In the second section from the bottom select the ‘show junction track’ and ‘show flanking regions’ and click ok. We now want to load our tophat alignment and our de novo assembly transcript alignments using the File->Load from File… menu
- Tophat file is a bam file TaeGut3/tophat2_taeGut3/accepted_hits.bam
- Trinity alignment file is a psl file from blat TaeGut3/Trinity.blat.tophit.sort.psl
- Load the ZebraFinch genome you created earlier.
- Set the preferences to show junctions and flanking regions
- Load the TaeGut3/tophat2_taeGut3/accepted_hits.bam file
- Load the TaeGut3/Trinity.blat.tophit.sort.psl file
You should end up with something like
Changing the display of paired end data
As with the single end reads the default display is by mapping quality (transparent is 0) and highlighting mismatched bases. As this is paired end data if a read straddles an exon a line is drawing joining the pieces.

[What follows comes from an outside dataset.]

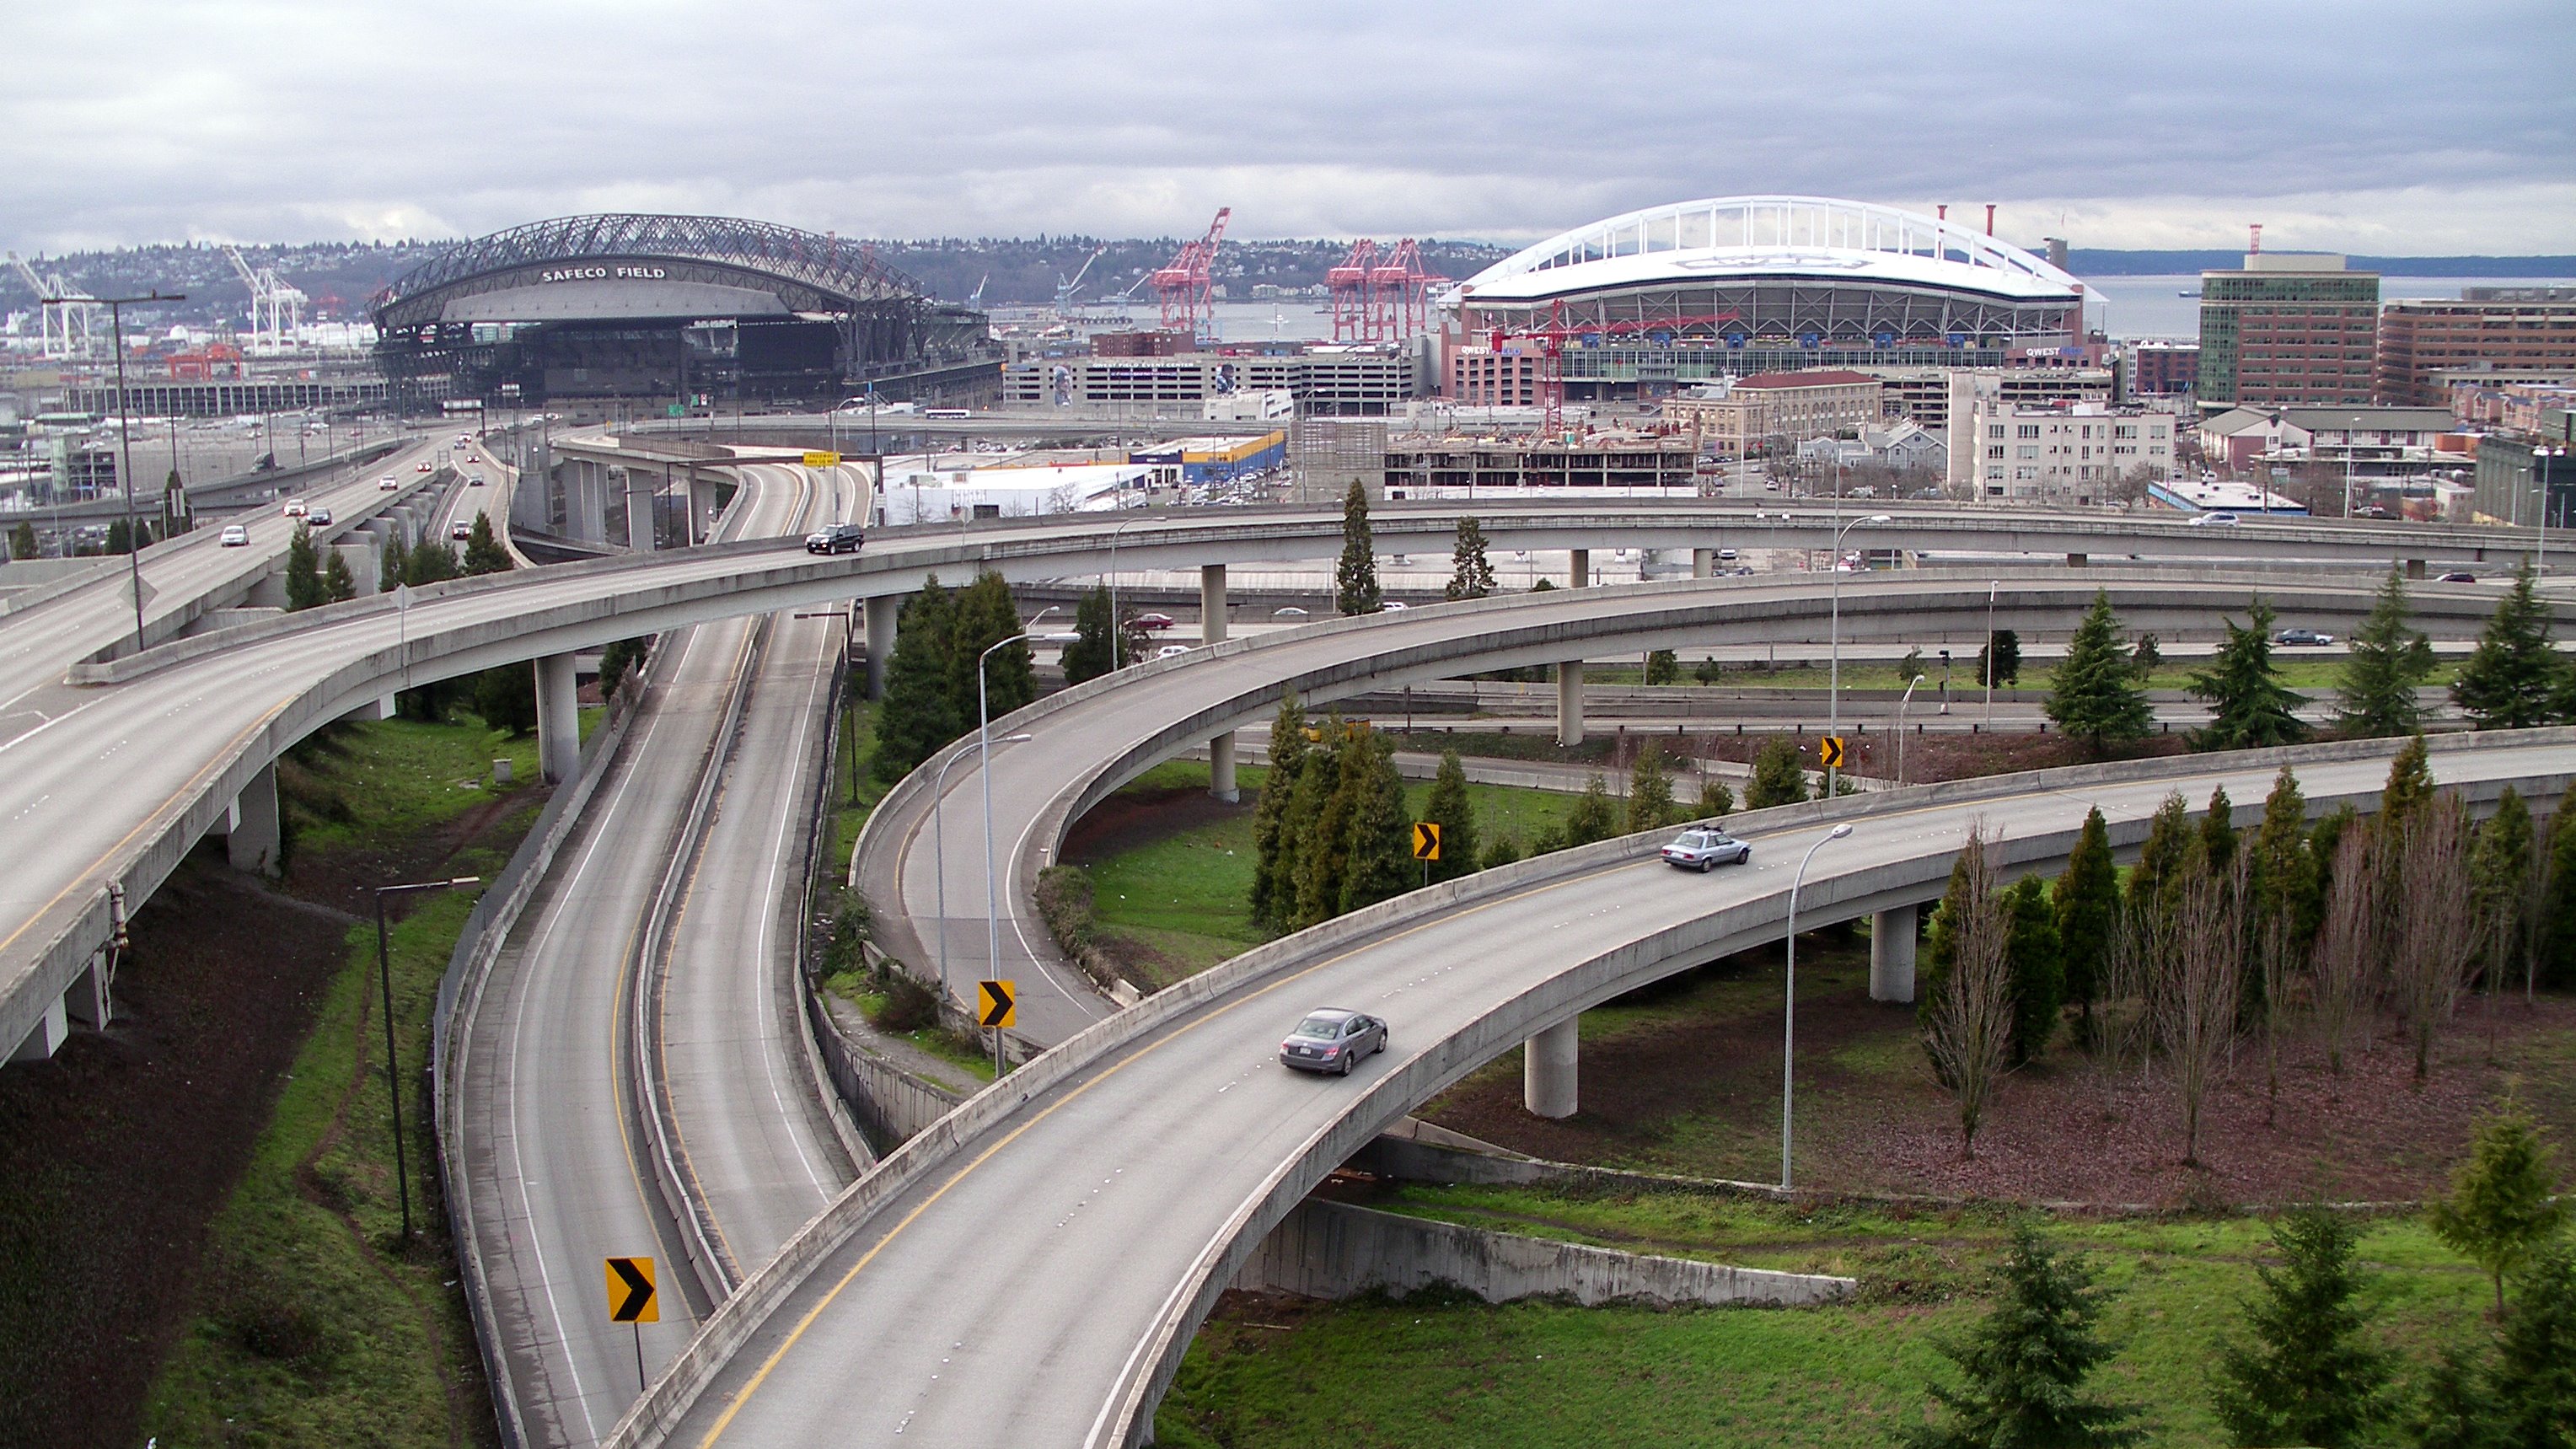 Photo of two interstate highways, Interstate 90 and Interstate 5, merging in a mixmaster. Taken by Matthew Rutledge and released under a Creative Commons Attribution 2.0 Generic license

Intron spanning regions are also shown in the Junctions track. the height of the spanning curve indicates how many reads span that intron and the color denotes strand (red = forward, blue = reverse).
Again if you mouse over a read you get a popup with read and alignment info. This time you also get information on the mate pair.
The junction curves also show info if you mouse over them too.
If you want to find the mate pair of a read you can option-click (ctrl-click on windows) and it will be highlighted in the same color.
If you now right click the menu brought up now has extra options that were greyed out previously.
The first one we’ll try is ‘view as pairs’. This reorganizes the display so mate pairs are shown one after the other. The mouseover also changes to display information about both reads in the pair.
Changing the color scheme can give some insight into alignment quality. Choosing the color by ‘insert size and pair orientation’ will color reads as
- Blue is for inserts that are smaller than expected
- Red is for inserts that are larger than expected.
- Inter-chromosomal rearrangements are color-coded by chromosome.
- Shades of green, teal, and dark blue show structural events of inversions, duplications, and translocations.
If the mate pair is somewhere else in the genome pick ‘view mate in split screen’ from the right click popup menu. (Ran)
- Switch your display to ‘view as pairs’ and color by insert size and orientation.
- Scroll through a chromosoem gene by gene (select the Gene track name and ctrl-f ctrl-b to go back and forth) to answer the following:
- Can you find a convincing structural rearrangment (many reads mapping to a different chromosome/wrong orientation)
- Are the blat alignments a better annotation (compared to the Zebrafinch) than the splice junctions from tophat?